Lenders compete for market share with lower differentials and cheaper mortgages

Average interest differential on new mortgages. Source: Idealista.com

Average interest differential on new mortgages. Source: Idealista.com

Keen to lend mortgages again, Spanish banks are fighting for the most creditworthy borrowers with ever cheaper mortgages, which should help stimulate demand for housing.

In the depths of the Spanish economic crisis, which was underpinned by a spectacular property bust, banks would only lend Spanish mortgages to buyers who were taking over one of their repossessed properties, and even then the rates weren’t great. Spanish lenders were being squeezed by write downs, over-exposure to real estate, and limited access to capital.

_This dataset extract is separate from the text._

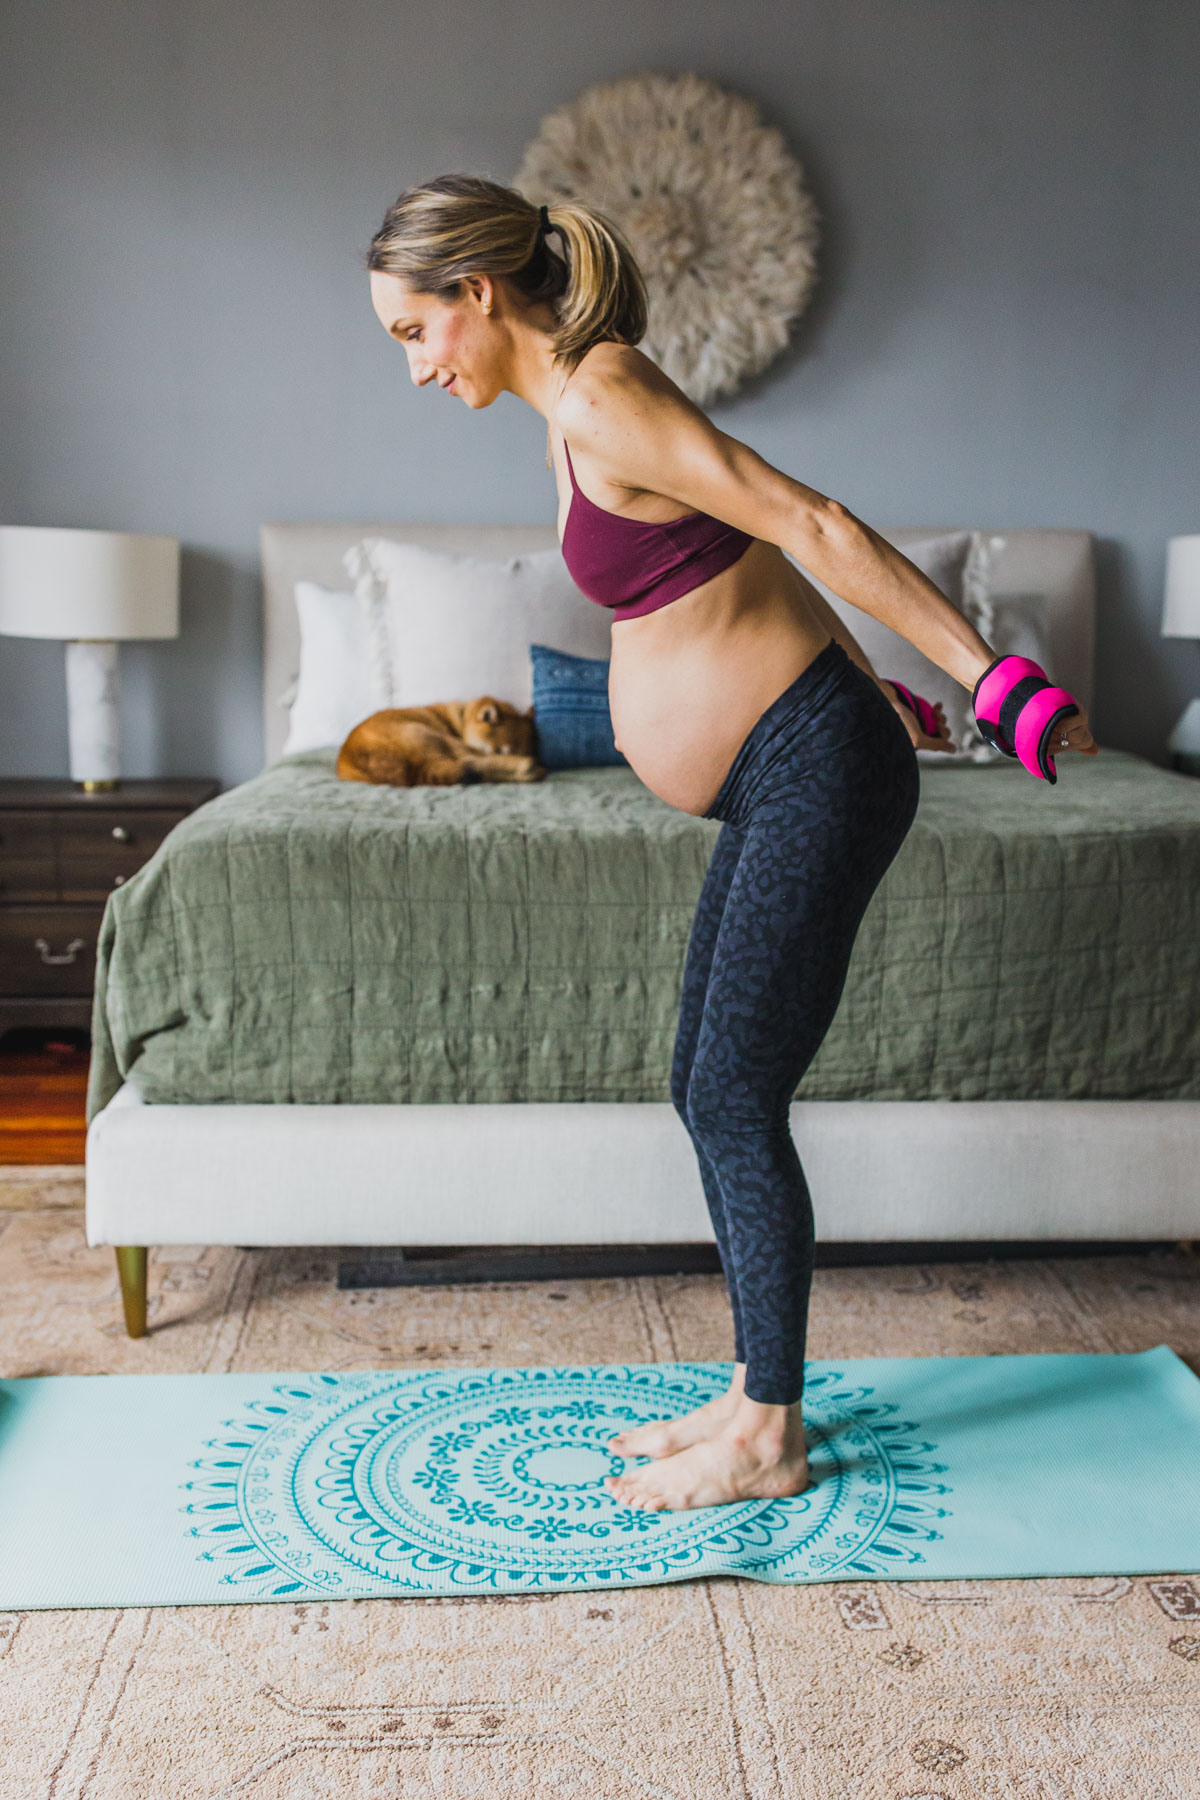 Looking for a 3rd trimester pregnancy workout? I'm sharing my favorite quick workouts at home. These little or no equipment full body workouts are so easy to do in your living room, even with a toddler running around and will help you have a fit pregnancy. Click through for my favorite at home workouts for women and more healthy living motivation. #healthyliving #pregnancyworkout #fitpregnancy
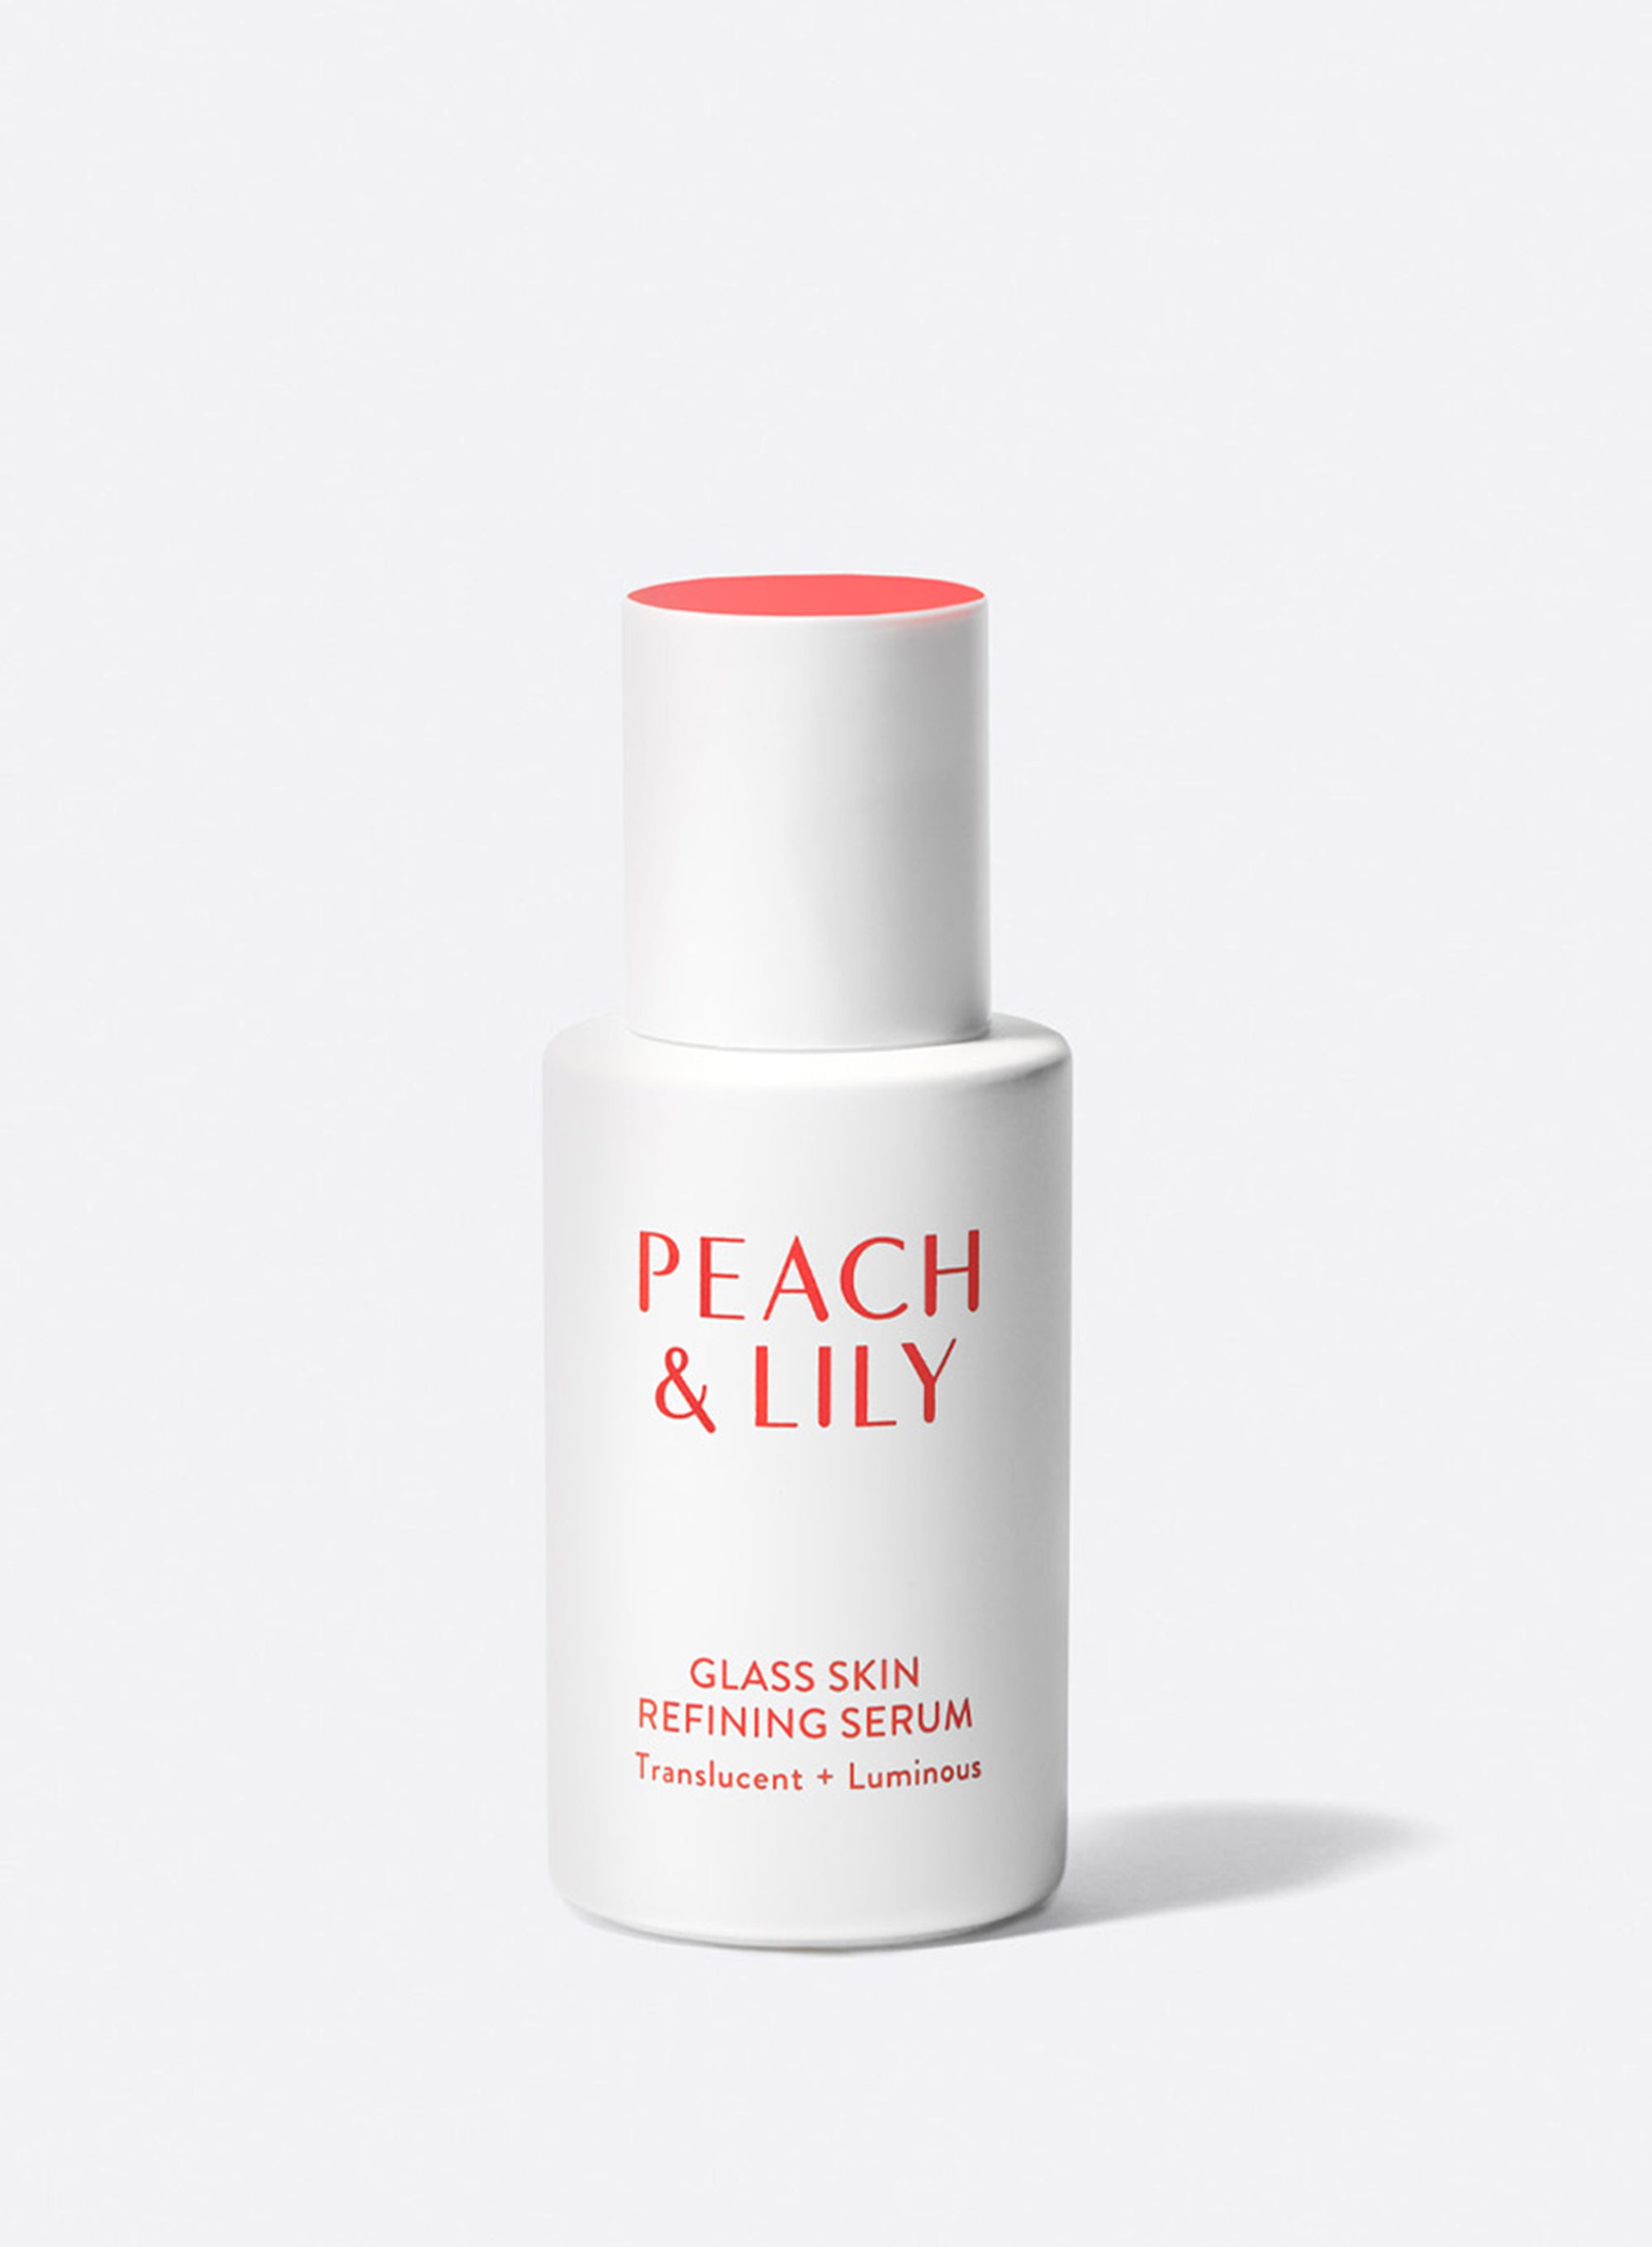 Peach & Lily Skin Shield Blurring Primer, Protect + Smooth, 1 fl oz/30 mL  Ingredients and Reviews

How times change. Spanish banks are desperately keen to lend to mortgage again, as can be seen from the dramatic way that differentials have plunged in the last two years.

Research by the Spanish property portal Idealista.com, based on its own Spanish mortgage business, shows that the differential Spanish lenders charge on new mortgages, the difference between the mortgage rate and the Euribor base rate, which is also the lender’s gross margin, has shrunk from an average of 2.07% in the third quarter of 2013, to 1.06% today (see chart above). So mortgage rates have come down by around 50% in two years, at least according to data provided by Idealista (who claim to get better rates than other mortgage service providers).

Banks are under pressure to increase their income from mortgage lending, at a time when the overall value of mortgage loans is still falling thanks to repayments and writedowns. That means banks are watching their mortgage loan income fall, which has sparked off a price war for market share in the new loans business.

One lender – the Dutch bank ING – has just launched the cheapest variable rate mortgage in the market, with a differential of just 0.99% above Euribor.

Not only are mortgage costs falling; property prices have also fallen dramatically since the Spanish property bubble burst in 2007, in many cases by 50% or more. So buyers using mortgage financing today get the benefit of cheaper mortgages and lower property prices, all of which might help lift the property market in Spain.

However, cheap differentials are not the whole story when it comes to working out the cost of a mortgage. Borrowers also need to look at the cost of other products that lenders try to bundle up with mortgages, such as insurance and banking services. These can sometimes bump up the cost of a mortgage substantially.



4 thoughts on “Lenders compete for market share with lower differentials and cheaper mortgages”

  1. Neil

    Are mortgages generally very portable in Spain? I have had a mortgage with Santander for nearly 10 years, and was under the impression that I can’t really shop around for a deal like we can in the UK ? False perception or reality? appreciate comments. Thanks.

  2. Profile photo of Mark StücklinMark Stücklin Post Author

    Neil, the mortgage market in Spain is nothing like the UK. A mortgage here is basically for the duration. Switching costs are high, and the savings you might make take years to offset the costs of change. Spanish lenders aren’t interested in taking over someone else’s risk. It’s an uncompetitive market, which is how the lenders like it. You can shop around, but I doubt you will find a deal that makes it worth it. Please let me know if you try and find out different.

  3. Julian

    Hello Mark, what about additional borrowing? We have been with BBVA for 7 years but in that time have completely redeveloped property using only our own funds. Taking your point above about switching not being common in Spain does the same apply to remortgaging?